--- DATA EXTRACT Enclosed Below ---

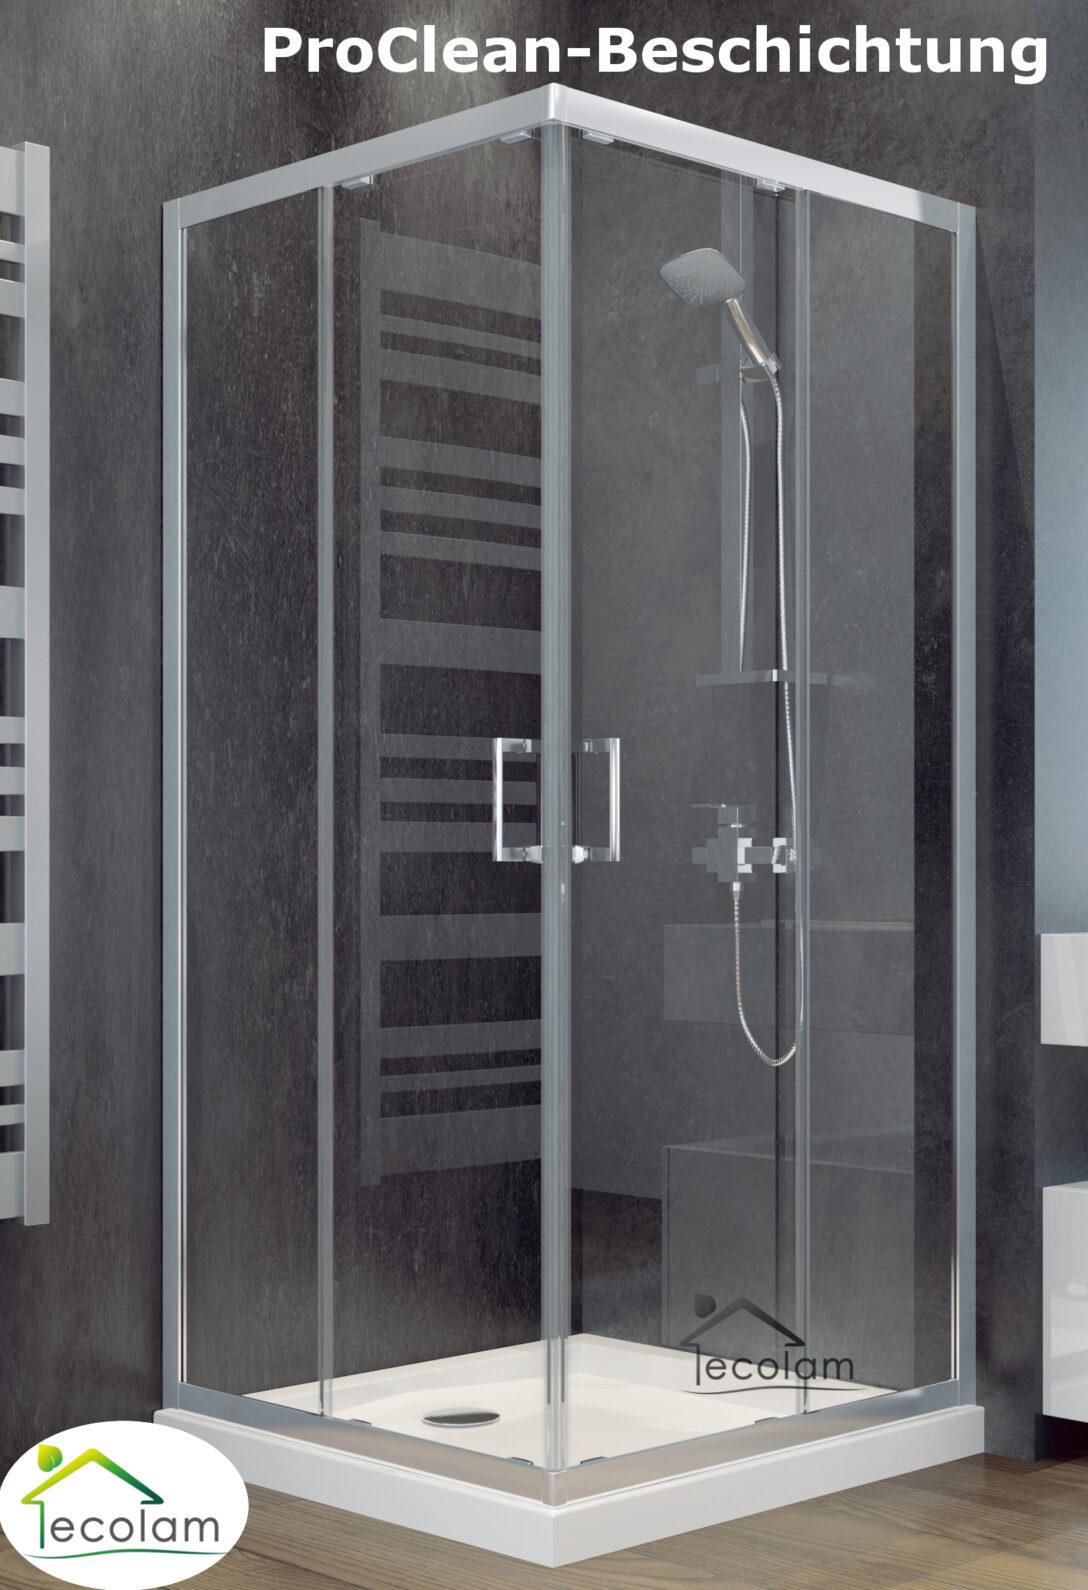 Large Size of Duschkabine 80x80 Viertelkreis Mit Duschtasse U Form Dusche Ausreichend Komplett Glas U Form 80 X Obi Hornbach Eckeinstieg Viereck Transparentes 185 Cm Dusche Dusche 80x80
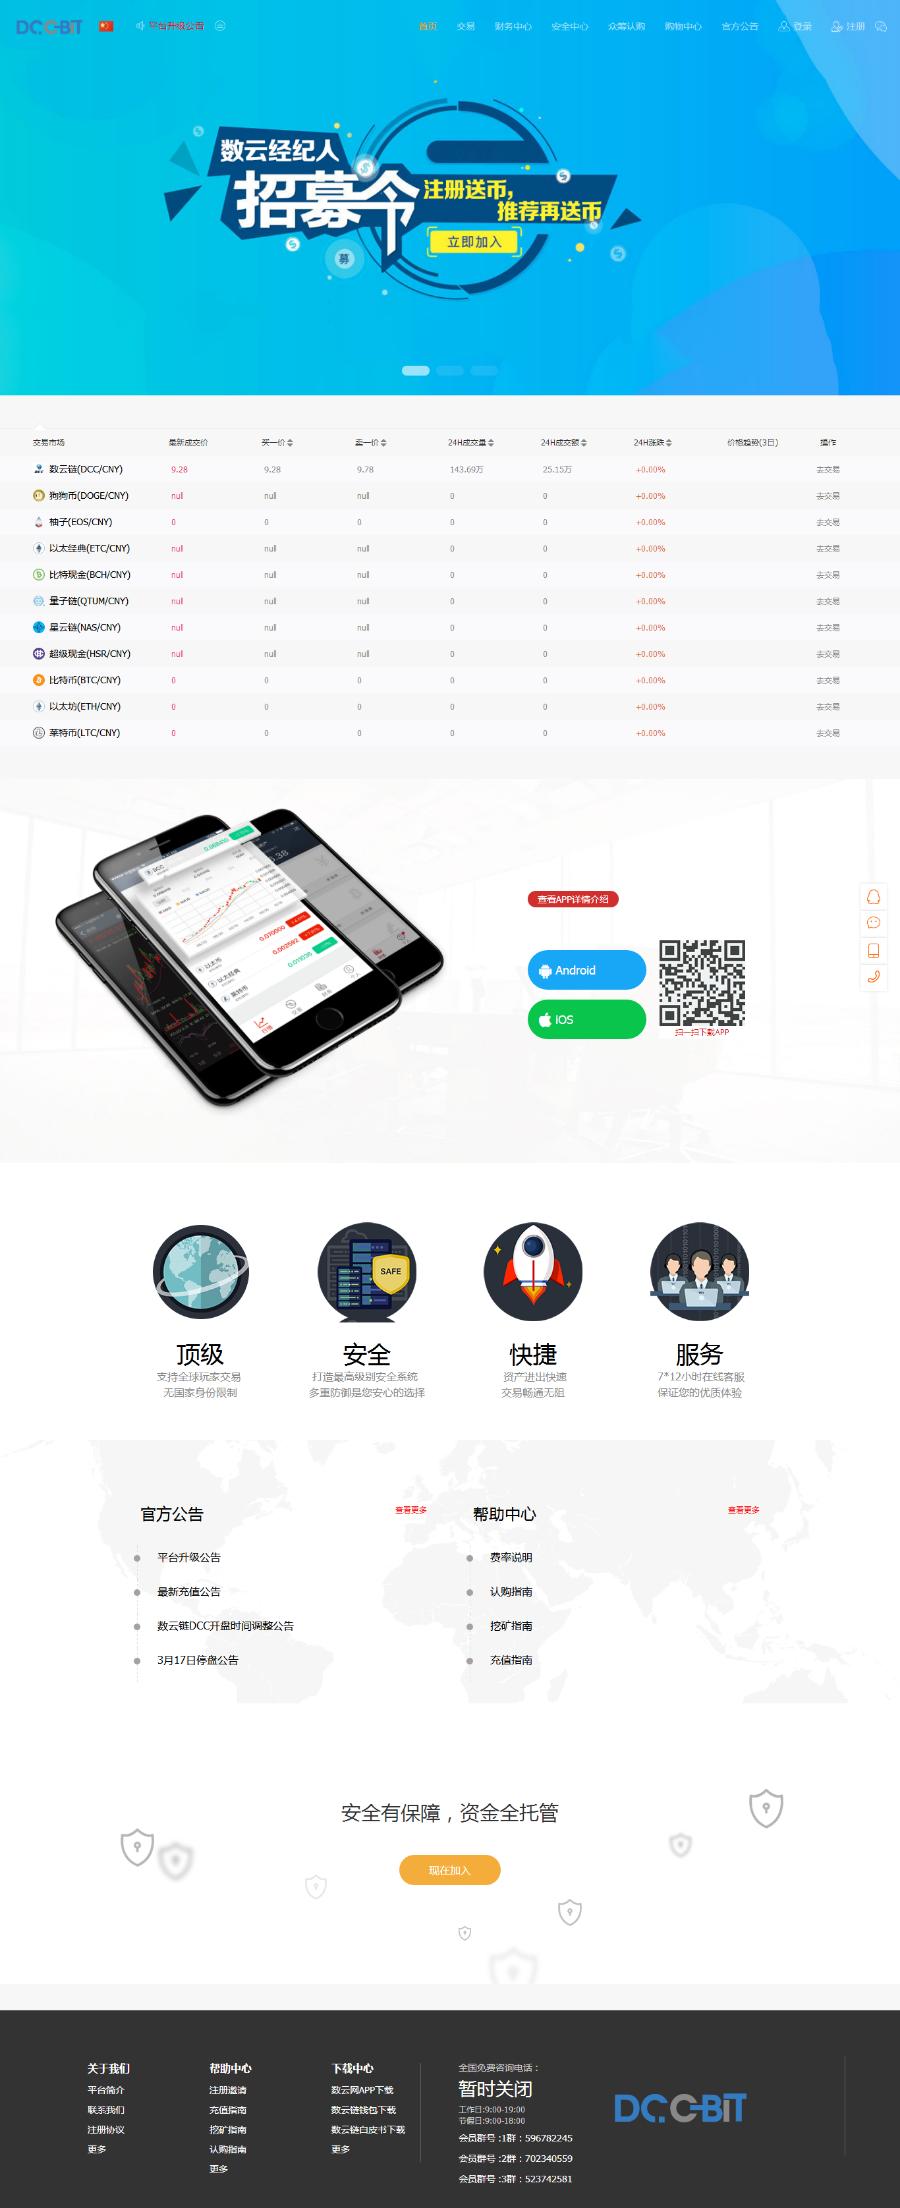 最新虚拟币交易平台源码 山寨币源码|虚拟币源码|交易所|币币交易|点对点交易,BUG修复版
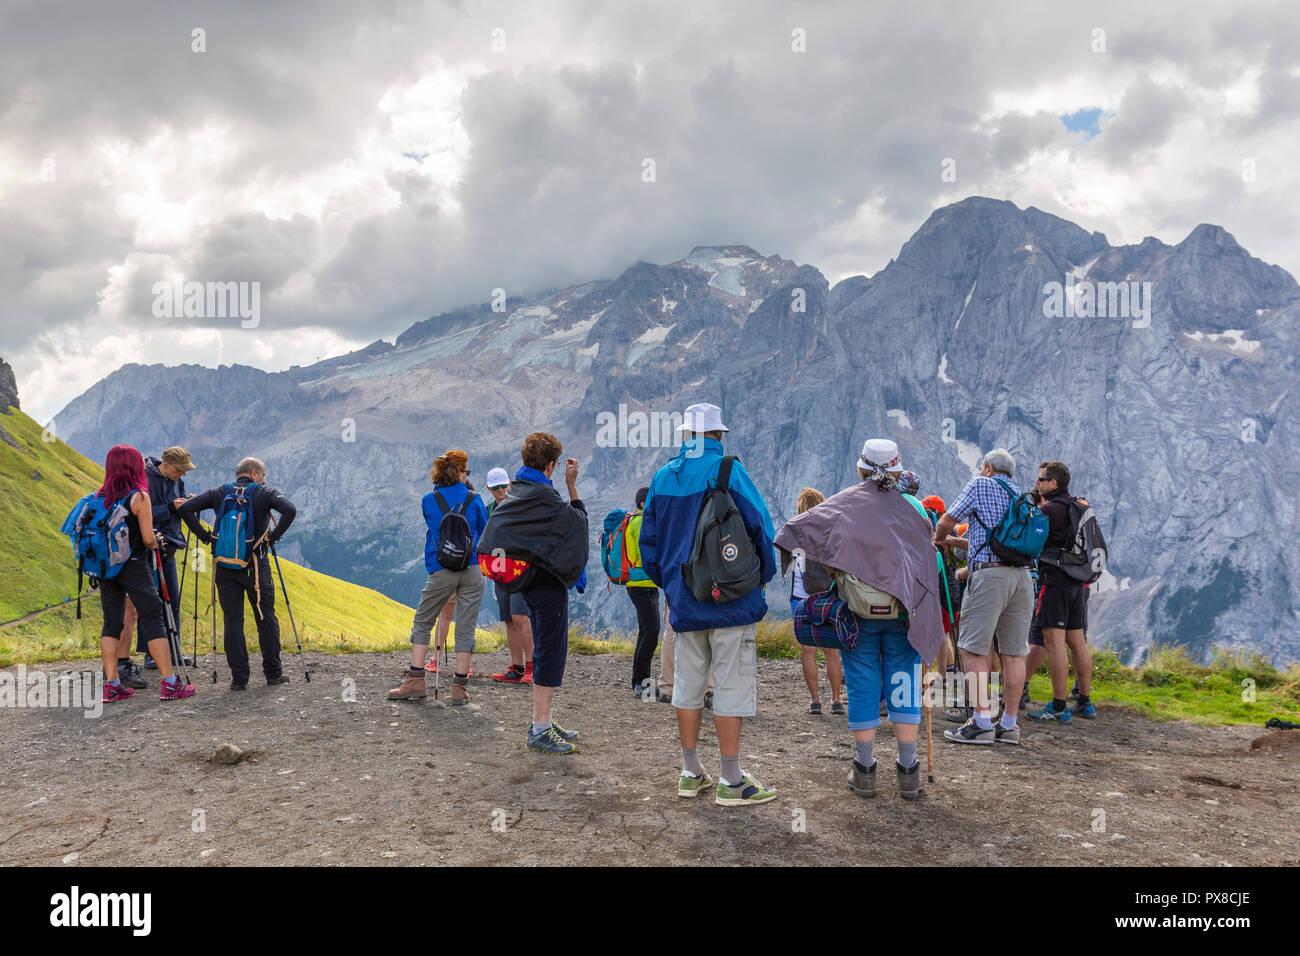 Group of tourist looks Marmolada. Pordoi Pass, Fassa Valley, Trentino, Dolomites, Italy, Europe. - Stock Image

--- End of Enclosed DATA EXTRACT ---

**WORK ITEM**
If pictures appear, drop them, and retype exactly the lines from the "最新虚拟币交易平台源码 山寨" line through the last line of the data above.

**OUTPUT BELOW**
 最新虚拟币交易平台源码 山寨币源码|虚拟币源码|交易所|币币交易|点对点交易,BUG修复版
 Group of tourist looks Marmolada. Pordoi Pass, Fassa Valley, Trentino, Dolomites, Italy, Europe. - Stock Image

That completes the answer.